William, sem se importar, retirou um pedaço de esterco da orelha de Xu Yun e apontou para Lirani:

— Ela, convidado, esterco.

Três palavras bastaram para que a senhora compreendesse tudo de imediato. Sem mais delongas, deixou de lado qualquer saudação a Newton e juntou-se à guerra de limpeza.

Já o jovem Newton limitou-se a algumas palmadinhas constrangidas, antes de se recolher ao lado de Lisa, trocando olhares intensos, quase a ponto de os olhos saltarem das órbitas...

Felizmente, desta vez, Lirani havia atirado esterco seco e a região atingida não fora o rosto de Xu Yun.

Após muito esforço, a Senhora Escudo trouxe dois baldes de água recém-aquecida e, junto de Xu Yun, foi até o lado de fora para lavar-lhe a cabeça com suco de mirtilo.

Quando tudo finalmente estava limpo, Xu Yun retornou à casa acompanhado pela matriarca.

Agora, todos os membros da família, incluindo Newton, estavam reunidos junto à lareira. William, com expressão severa, ocupava o lugar central; as gêmeas permaneciam em silêncio ao lado; Newton e Lisa trocavam olhares furtivos.

Quanto a Lirani...

A menina, sozinha ao lado do pai, exibia olhos vermelhos, sinal claro de que já havia recebido uma boa surra.

Assim que Xu Yun entrou, William se pôs de pé e trouxe Lirani para junto dele:

— Lirani, peça desculpas agora!

Com o lábio inferior projetado e esfregando o braço esquerdo, a menina murmurou:

— Desculpe, senhor Peixe Gordo.

William então retirou uma vara de madeira de espinheiro — o tipo cheio de espinhos, capaz de arranhar a pele com facilidade — e disse:

— Senhor Peixe Gordo, conforme a Lei de Commis, o senhor pode aplicar até vinte chicotadas em Lirani.

Inicialmente, Xu Yun pretendia apenas fazer um breve comentário cortês, mas, ao ouvir isso, ficou surpreso e logo se lembrou:

É verdade, estou na Inglaterra, na Grã-Bretanha dos costumes mais excêntricos e leis insólitas!

Este país, berço da common law, influenciou os sistemas jurídicos do mundo inteiro.
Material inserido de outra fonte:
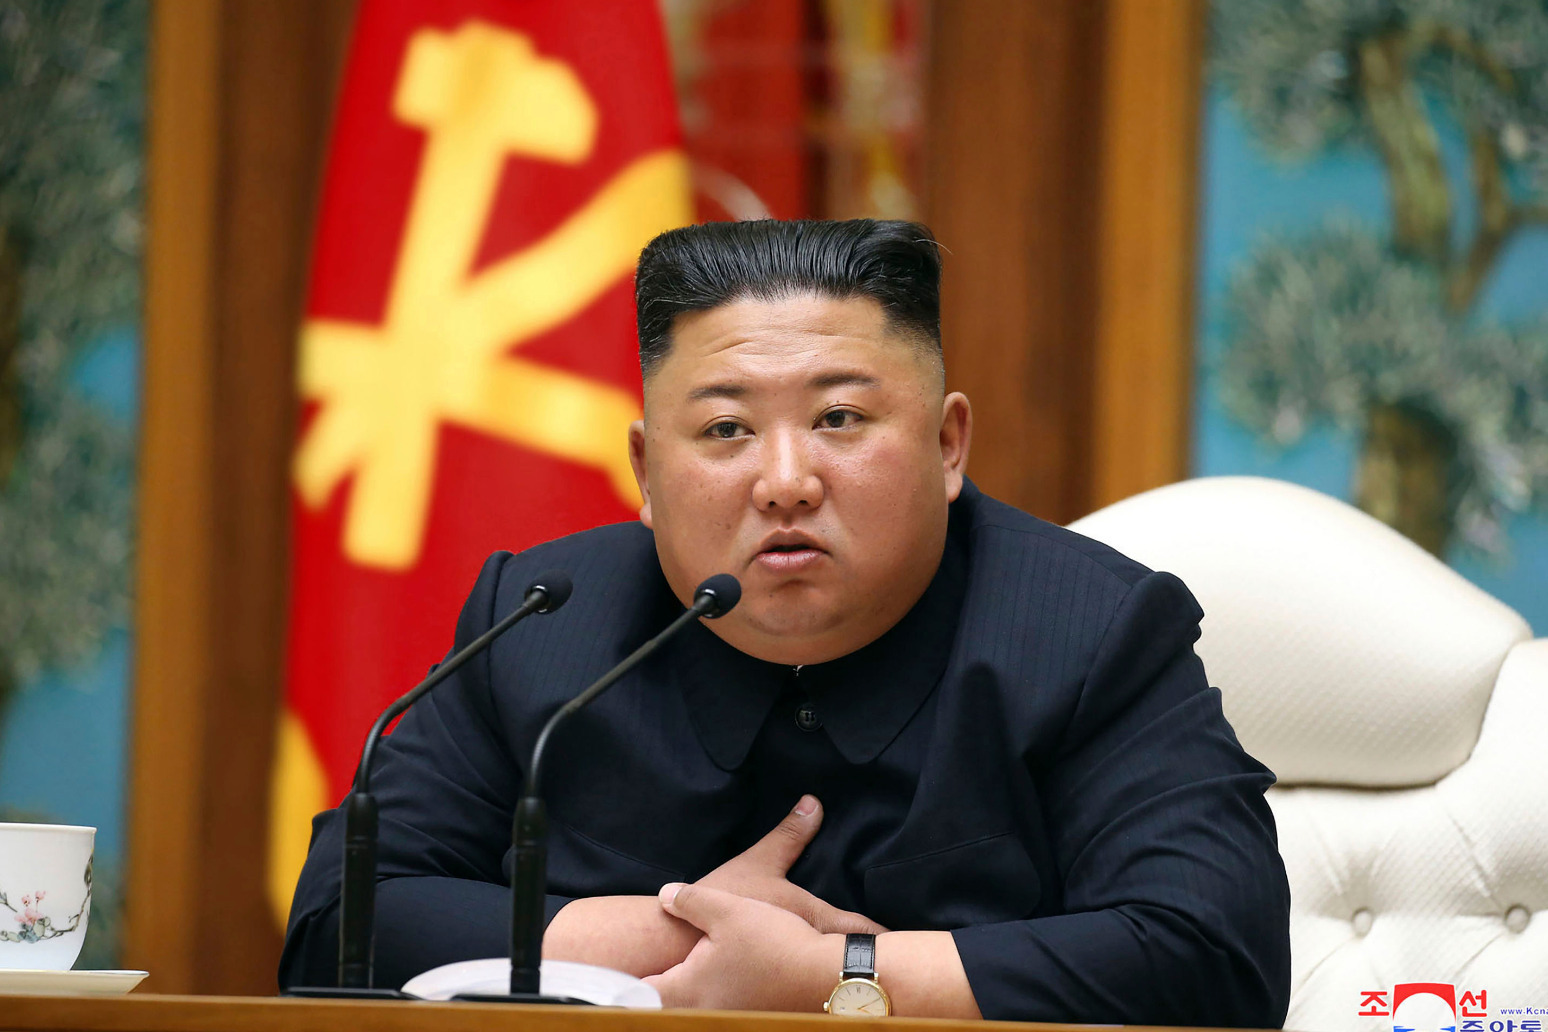 North Korean leader appears in public

Muitas leis inglesas, algumas em vigor há séculos, são tão estranhas quanto persistentes.

Como, por exemplo, a Lei de Traição de 1848, que pune como traição colar um selo com o rosto da rainha de cabeça para baixo num envelope; ou a Lei de Proibição e Inspeção de 1998, que determina prisão perpétua para qualquer cidadão britânico que detone um artefato nuclear, independentemente do local; ou ainda a peculiaridade de que, se uma baleia morrer encalhada, a cabeça pertence automaticamente à rainha, e, da cauda, ela tem direito de preferência (recomendo o livro “As estranhas leis da velha Inglaterra”, realmente fascinante).

Portanto, não era de se estranhar que, no século XVII, houvesse uma lei específica para punir crianças travessas.

Porém, mesmo sendo legalmente permitido, Xu Yun, com seus valores modernos, sabia que castigar a criança não seria algo realmente benéfico para ela...

Refletiu por um instante e tomou uma decisão.

Cerrando o punho direito e estendendo o braço, puxou o braço esquerdo da menina, alinhando-o ao seu próprio.

Em seguida, pegou a vara e, com força média, aplicou três golpes.

Após os três golpes, tanto no braço do adulto quanto no da criança — um grande, outro pequeno, um amarelo, outro branco — surgiram três marcas superficiais, mas que romperam a pele.

Xu Yun então apontou para o braço de Lirani e disse:

— Esta é a punição que você merece. Por ser pequena, dei apenas três.

Depois, mostrou o próprio braço, de onde escorria um filete de sangue, e falou com seriedade:

— Esta é a minha punição por ter castigado uma menina. Não é questão de lei, mas de moral.

Diante dele, Lirani, sempre tão corajosa e irreverente, ficou subitamente atônita, olhando confusa para o próprio braço e, apesar de abrir a boca, não encontrou palavras.